- Theatrical release poster
- Directed by: Jason James
- Written by: Jason Filiatrault
- Produced by: Jason James; Amber Ripley;
- Starring: Thomas Middleditch; Jess Weixler; Diana Bang; Randal Edwards;
- Cinematography: James Liston
- Edited by: Jamie Alain; Gareth C. Scales; Christopher Watson;
- Music by: Andrew Harris
- Production company: Goodbye Productions
- Distributed by: Dark Star Pictures
- Release dates: May 19, 2017 (SIFF); February 9, 2018 (Canada);
- Running time: 85 minutes
- Country: Canada
- Language: English

= Entanglement (film) =

Entanglement is a 2017 Canadian romantic comedy-drama film directed by Jason James and written by Jason Filiatrault. It stars Thomas Middleditch, Jess Weixler, Diana Bang, and Randal Edwards, and follows Ben (Middleditch) who forms a romance with Hanna (Weixler) after discovering through various means that they could have almost ended up siblings. This is the first feature film produced through Dark Star Pictures and premiered at the Seattle International Film Festival on March 19, 2017, before being theatrically released on February 2, 2018.

==Synopsis==
Ben Layten, a recent divorcee, leads a miserable, jobless life. After several suicide attempts, he ends up befriending his sarcastic, yet helpful neighbor Tabby Song. While constructing how his life fell apart through quantum entanglement, Ben learns that he almost had an adoptive sister. Feeling that this is the key to his happiness he sets out to find her only to learn that it is a woman he met earlier named Hanna Weathers. Through constant visitations with her, Ben falls in love with her and learns that life and love are far more complicated than he thought.

==Cast==
- Thomas Middleditch as Ben Layten
- Jess Weixler as Hanna Weathers
- Diana Bang as Tabby Song
- Randal Edwards as Joel
- Johannah Newmarch as Dr.
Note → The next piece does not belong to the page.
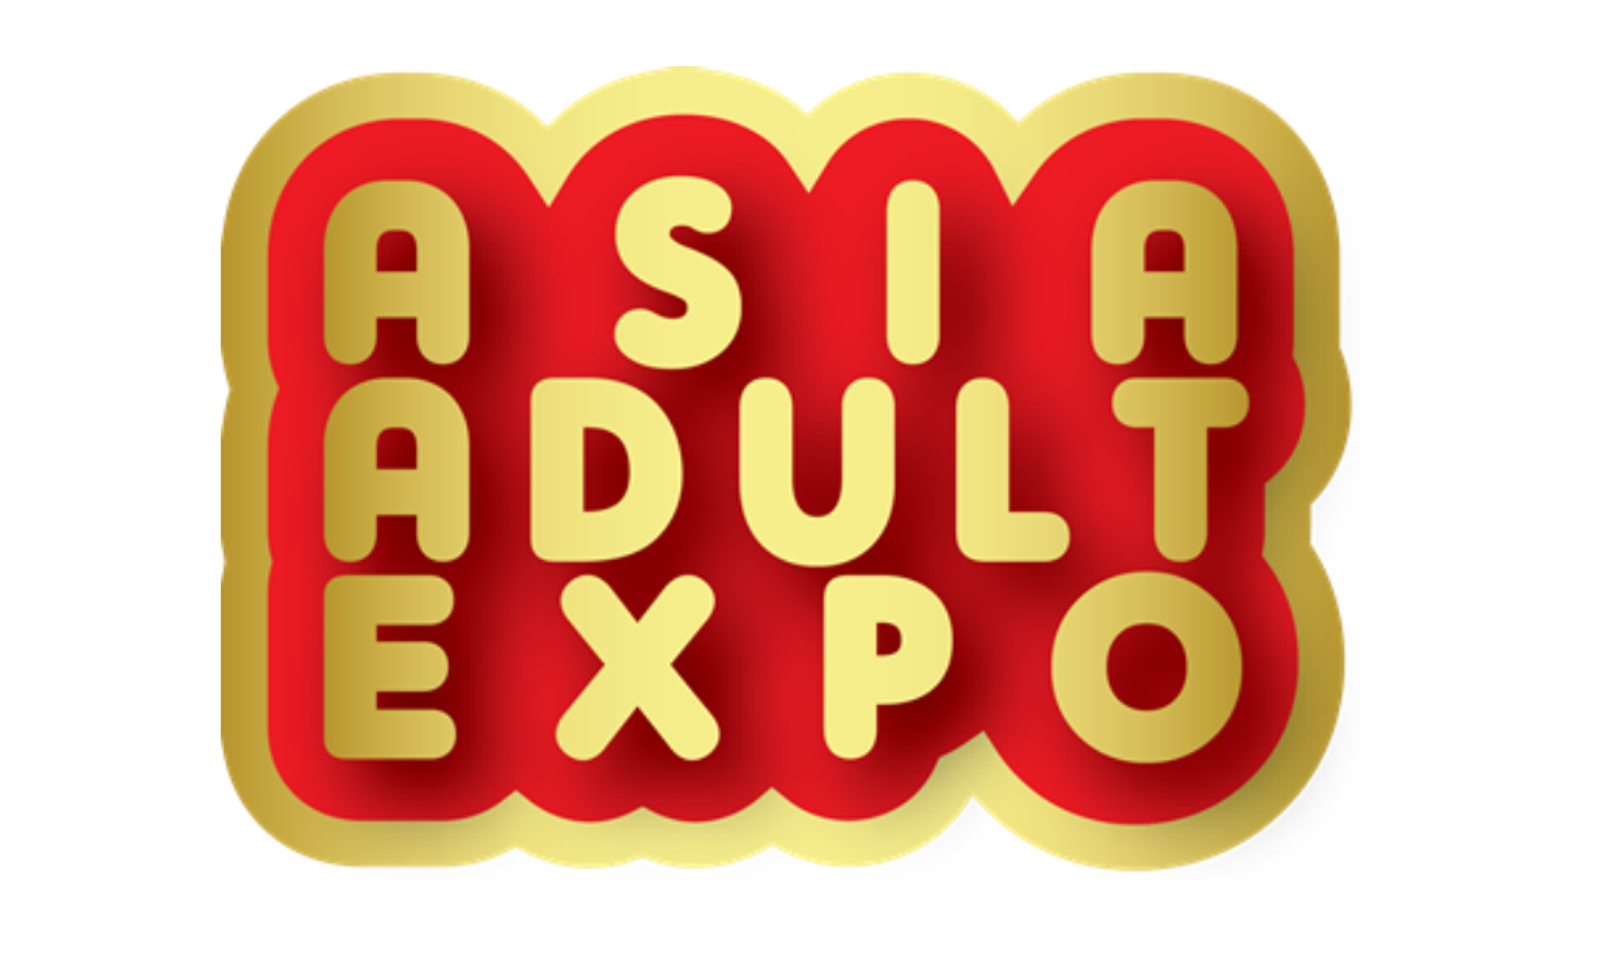 Asia Adult Expo Announces Location and Dates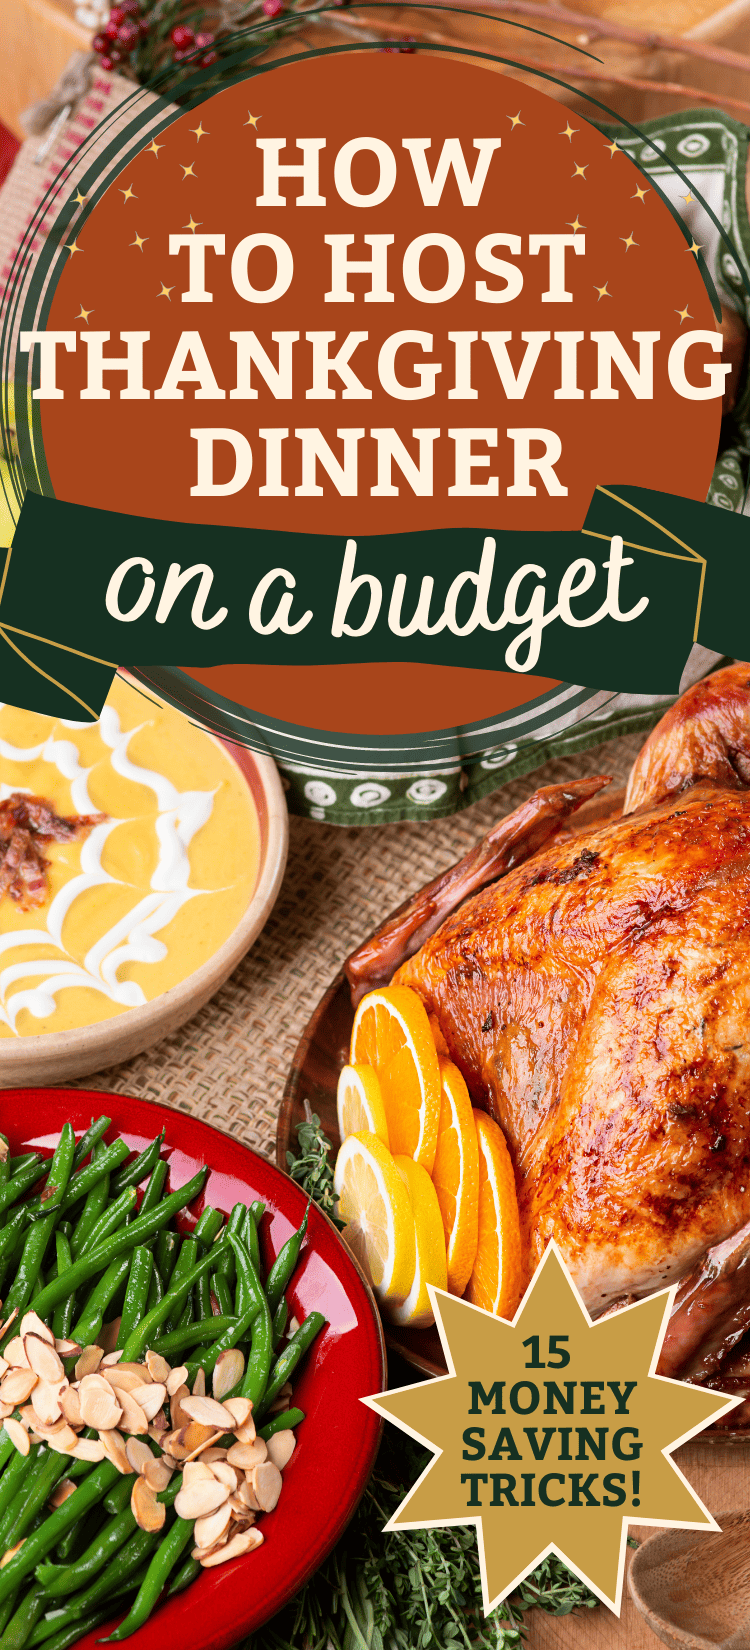 How to host Thanksgiving on a budget! 15 easy tips to save money on Thanksgiving dinner. Your guests will never know how little you spent! How to host thanksgiving like a boss, how to host thanksgiving for the first time, fun thanksgiving hosting ideas, thanksgiving dinner ideas hosting, thanksgiving hosting ideas entertaining, thanksgiving hosting ideas diy, hosting thanksgiving in a small space, thanksgiving checklist hosting, hosting thanksgiving dinner checklist, cheap thanksgiving dinner.

Jill Franklyn
- Nicole LaPlaca as Chloe
- Marilyn Norry as Betty Layten

==Reception==
On review aggregator website Rotten Tomatoes, the film holds an approval rating of 61% based on 33 reviews, and an average rating of 5.9/10. The website's critical consensus reads, "Entanglement proves there's still room for charmingly quirky romantic comedies -- even if it flirts with a number of ingredients that typically lead to cutesy disaster." On Metacritic, the film has a weighted average score of 54 out of 100, based on 13 critics, indicating "mixed or average reviews".